西洲唇角微微勾起些弧度,笑了笑:“二爷,沉住气,今日如果我入了他鹤文祥的射覆阵,明日我便金盆洗手,退出沪上古物界!”

柳词听他信誓旦旦,暗暗咂舌,不知道他葫芦里又卖得什么药!

此事鹤文祥已经找到了第三件瓷器。

他眼中的笑意越发明显了,因为这件瓷器他最为熟悉不过了,宋代汝窑出来的汝瓷。

古物界一直有句话:“乱世藏金,盛世藏瓷。”

汝瓷又有“瓷中魁首”之美誉,拥有一件汝窑,也是所有瓷器收藏者毕生的梦想。

在历史中“汝、官、哥、钧、定”五窑都是名扬在外的中国瓷器五大名窑,而汝窑,则冠之以首,乃是因为汝瓷存世之量,极为稀有。

具鹤文祥所知道,这些年来古物界里,乃至于英法等国的博物馆中,从中国圆明园抢走的汝瓷都算在内,也不过区区五六十件汝瓷。

当年一大把大火,不仅仅是烧掉了中国艺术史上的璀璨明珠圆明园,更是毁掉了无数稀世罕见的汝瓷。尤其是那些巨大的,搬不走的汝瓷器,都被侵略者们随手的砸碎了。

单单是乾隆在圆明园中所藏的汝瓷,就不下几十余件。

而眼前,陈列架上,这件北宋天青釉葵花洗,让鹤文祥眼中的兴趣淡淡弱了下去,因为这是件仿品,汝窑讲究的是“青如天、面如玉、蝉翼纹、晨星稀、芝麻支钉釉。”几大特点,单单是青如天,这件天青釉葵花洗就满不足了,虽然质地近乎天青,但还是有些杂色,不是北宋的天青釉,应该是后来明中期的仿品。

而且,宋代的汝瓷是朝廷的官窑,均是出自于宝丰清凉寺,而这件天青釉葵花洗的瓷土特点,明显有江南特色。

鹤文祥冷笑起来,沪上古物界素闻小七爷此人,为人太过狂傲,桀骜不驯,甚至不蹈常规,在他看来,还是太过年少轻狂,这天青釉葵花洗虽然十分接近汝瓷,但只要是浸淫汝瓷的大家都能看出来其中瑕疵,可他王西洲却以为,这东西能骗过自己,还不是他太过轻敌,为人太过高傲了嘛!

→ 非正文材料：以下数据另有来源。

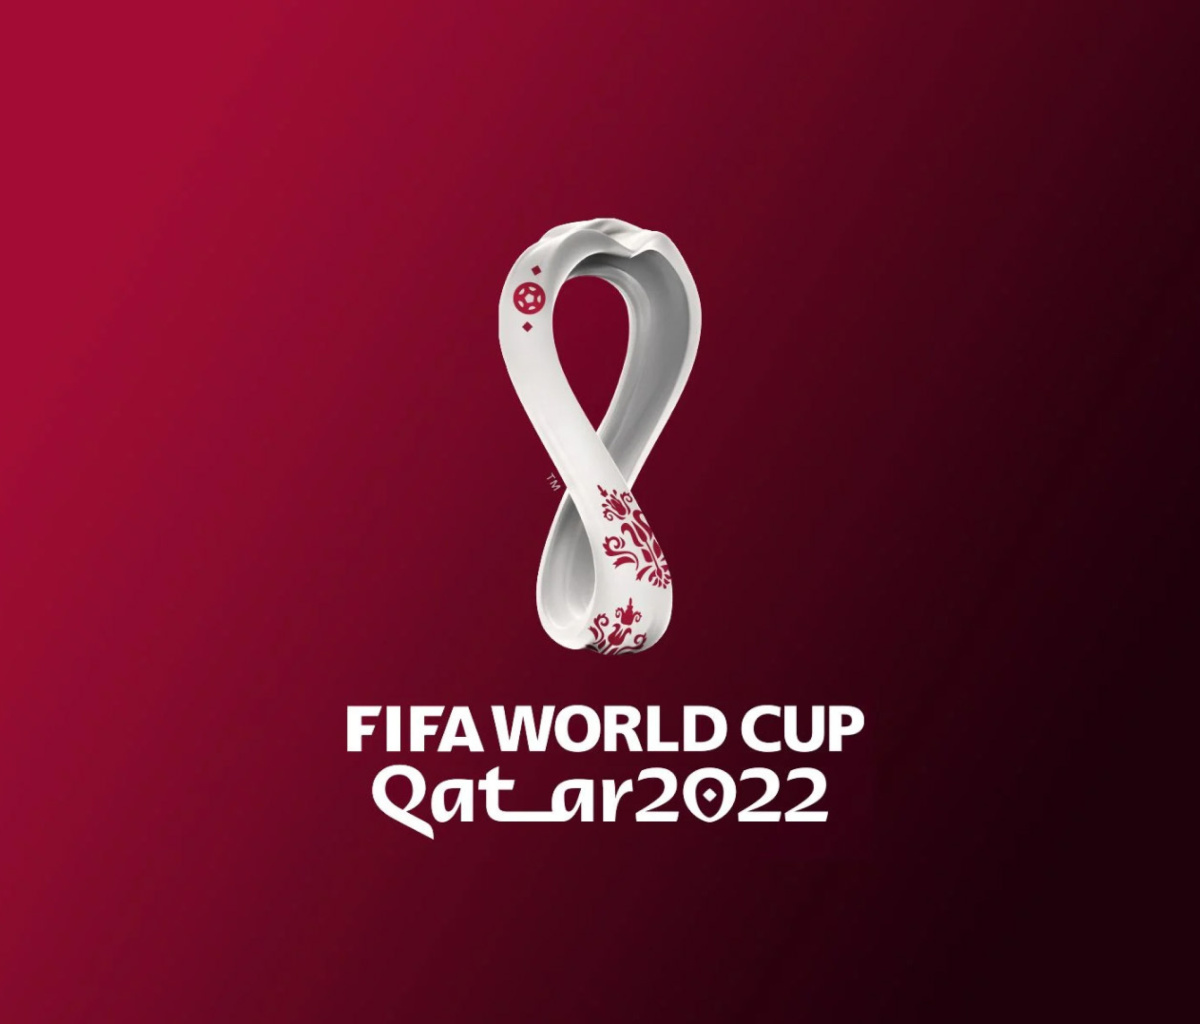 Das World Cup Qatar 2022 Wallpaper 1200x1024

鹤文祥继续一件件的看过去,陈列架上的瓷器藏品不多,很多东西他都是一眼带过,省掉了不少时间。

鹤文祥飞快的望向了下一件,又是个北宋汝瓷,造型饱满的笔筒,外壁所绘的是山居图。

鹤文祥又望向了下一件,雍正粉彩瓷碗。

此碗色彩丰厚多变,色泽亮堂柔丽,新鲜灿烂,清雅秀美,是最为著名的胭脂红,在雍正一朝,景德镇出了一位大宗,号称“陶圣”唐英,此人天纵奇才,不仅仿制了大量的北宋瓷器,还独创了粉彩瓷器。

其中又以胭脂红和柠檬黄最为驰名,雍正也对其最为喜爱,将其列为皇室专用,平常人等不得僭越。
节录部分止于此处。